By the time she got home, she’d decided on the tack to take with Lisa. She got herself a Diet Coke, sat at the table with the police files in front of her, and put the call through. When Lisa answered, the background noise indicated that she was on speakerphone in her car.
Arden said, “Evidently I’ve caught you at a bad time.”
“I’m only running errands. What’s going on? Did your pervert drive by last night?”
She wasn’t certain Rusty Dyle could be classified as a pervert. Snake oil salesman, maybe. He had that kind of pointy-mustache leer and mannerisms. He’d clasped her hand a little too long for what should have been a polite handshake between strangers. Thinking about him made her shudder.
“Arden?”
“I don’t know for sure if he came by last night or not. I was exhausted. The round-trip drive to Dallas and all.” The “all” being her go-rounds with Ledge. Fighting with him, kissing him, fighting some more. “I was history the instant my head hit the pillow.” She pushed on before Lisa could grill her.
“I’ve given a lot of thought to our conversation yesterday. Speaking for myself, and I believe for you, it was like undergoing open-heart surgery. Grueling and painful, but healing in the long run. I don’t want to dim the afterglow.”
“But?”
“I went to the courthouse this morning, the sheriff’s office, and got the investigation reports on the Welch’s burglary and Brian Foster’s death.”
“You did? Why? If you wanted to see those reports, you should have asked me for them yesterday.”
“You have them?” Arden exclaimed. “Since when?
“Since forever. I got them before I even moved us away.”
“Why?”
“Why?” Lisa repeated, sounding dismayed by the question. “The investigators were alleging, and people were accepting, that Dad was guilty of both. I wanted to know what evidence they had to base such accusations on. Isn’t that why you wanted the reports?”
“Precisely. Which makes it all the more flabbergasting that you never shared them with me.”
“Arden, you were ten years old. The description of Foster’s remains wasn’t for the faint of heart. If either had contained something vital, I would have shared it with you. Neither did.

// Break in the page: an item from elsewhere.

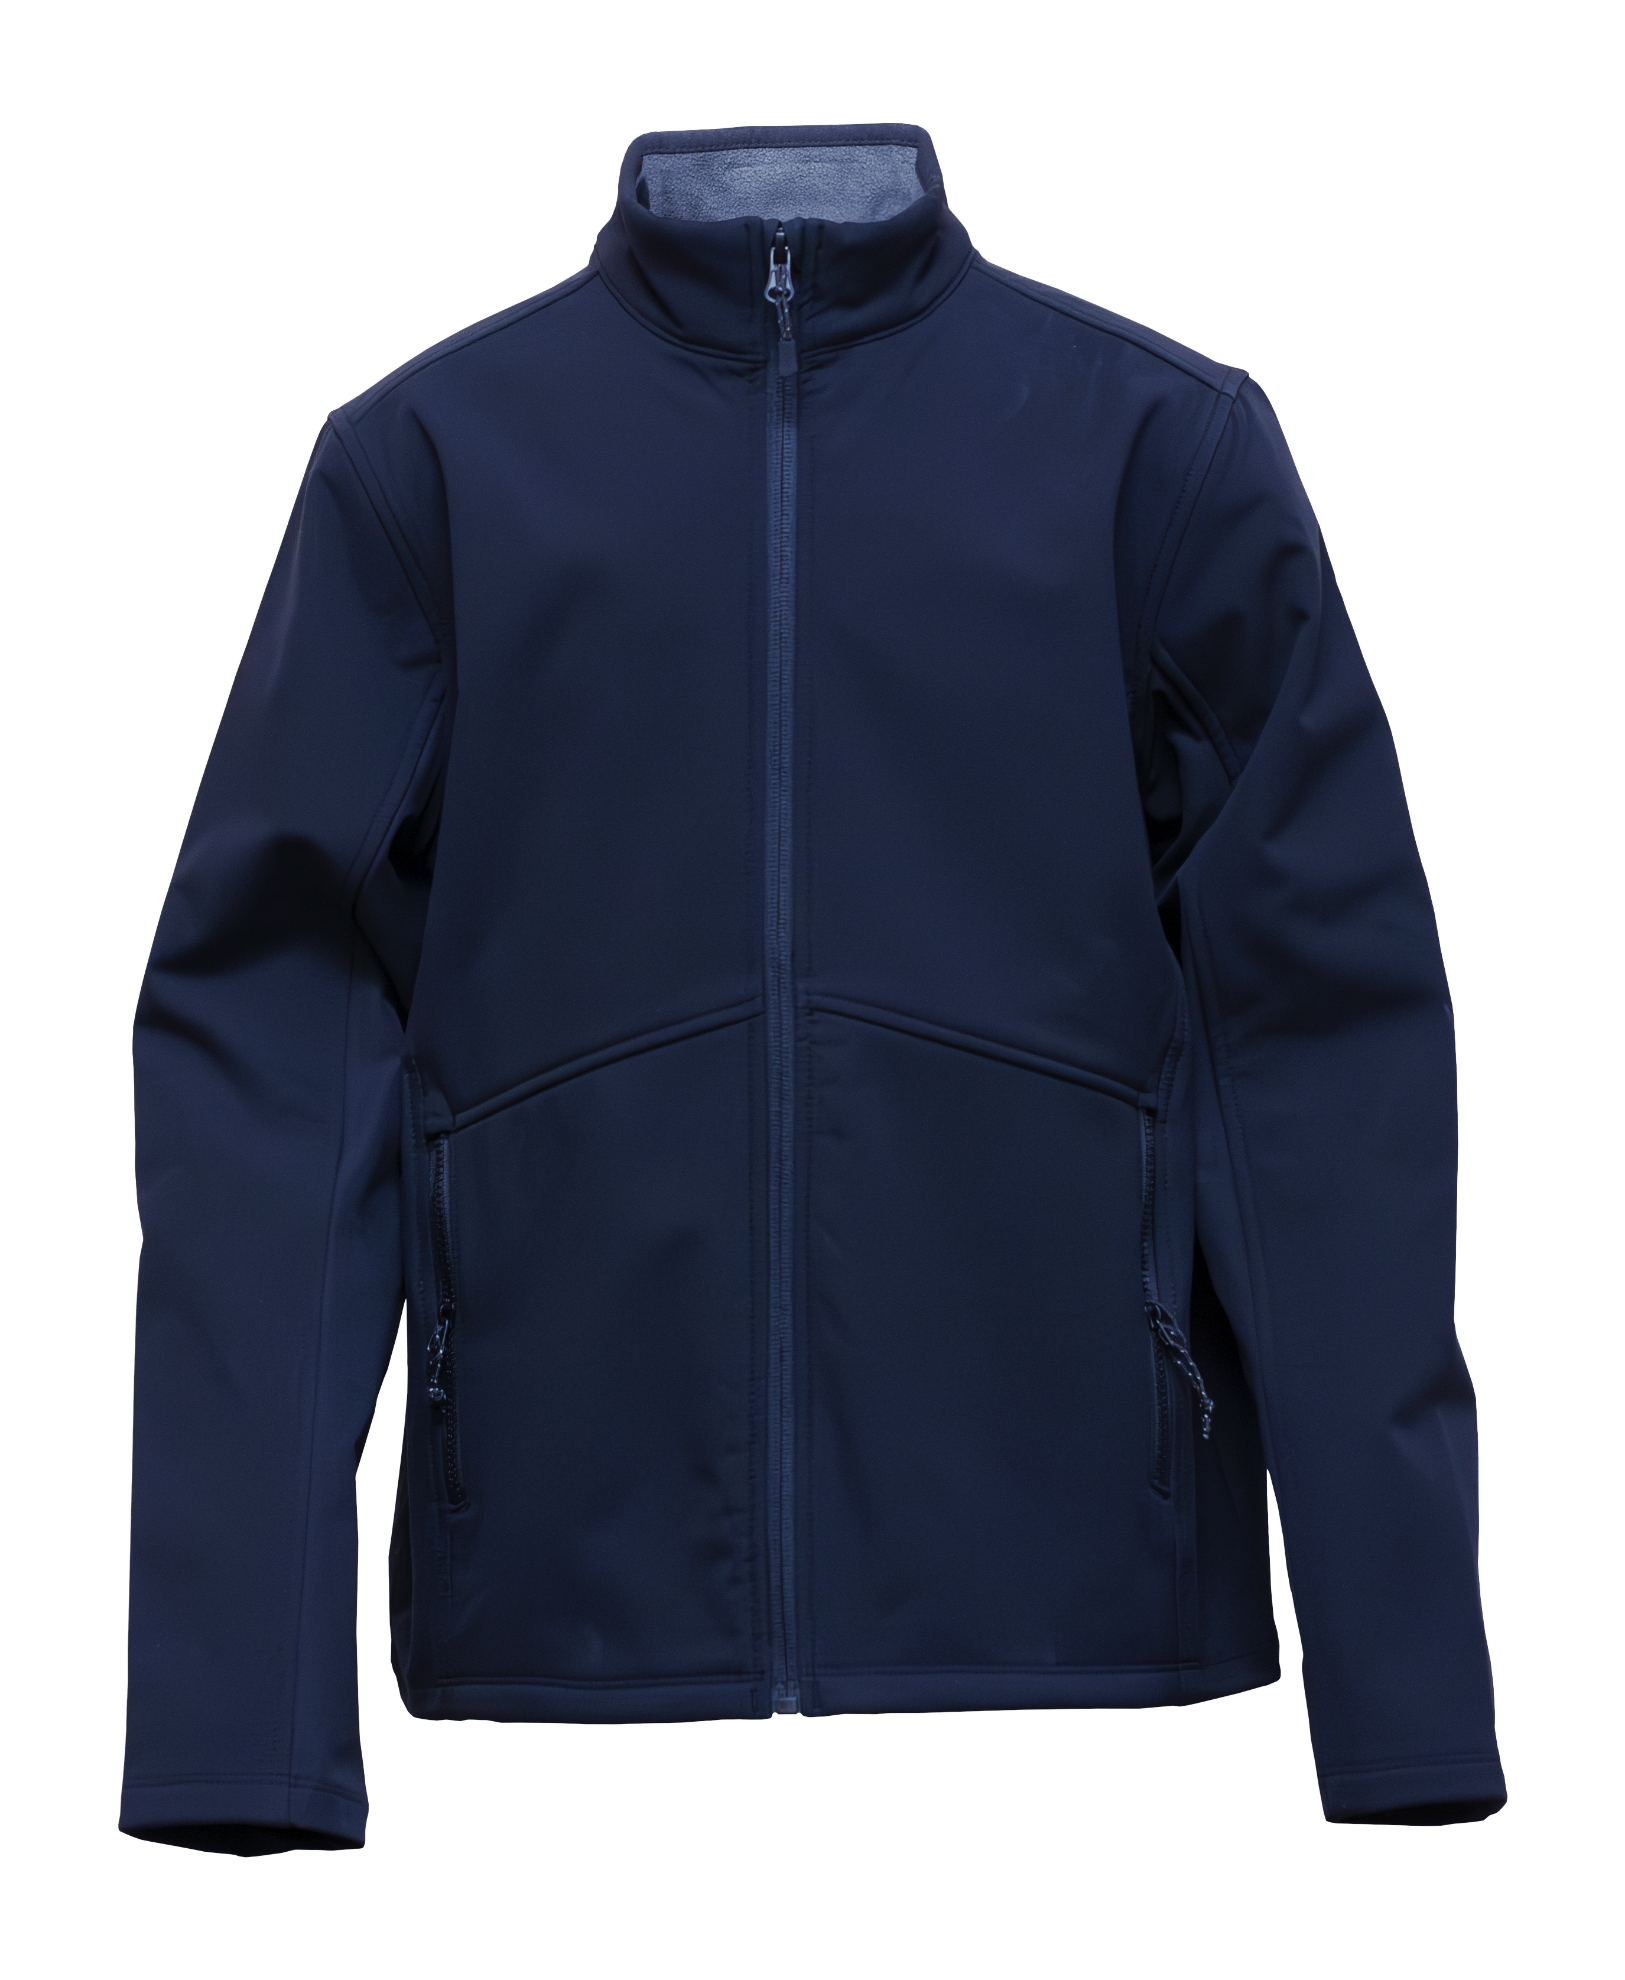 BAW Athletic Wear ST20Y - Youth Softshell Jacket

“There was no evidence placing Dad at either the store or where Foster was discovered. The authorities based their allegations solely on Dad being an embittered former employee, who had butted heads with Foster the day he was fired. That was their only substantiation.”
“That wasn’t the only substantiation, Lisa,” she said softly. “Rather than answer to the charges, he vanished, and so did an estimated half a million dollars.”
It pained Arden to say that, and her sister couldn’t dispute it.
“True,” Lisa said. “Those facts do point a finger at him. Collectively, it’s compelling, but it’s all circumstantial. Every scrap of it. When you read the reports, you’ll see what I mean.”
Musing aloud, Arden said, “I wonder what a prosecutor today would think of them. How much stock one would put into them?”
“Probably none if Rusty Dyle is still the DA.”
Arden couldn’t believe that Lisa had spoken the name that, not five minutes ago, she had determined not to mention. “What do you know about him?”
“Only that he’s irksome. You remember Sheriff Dyle?”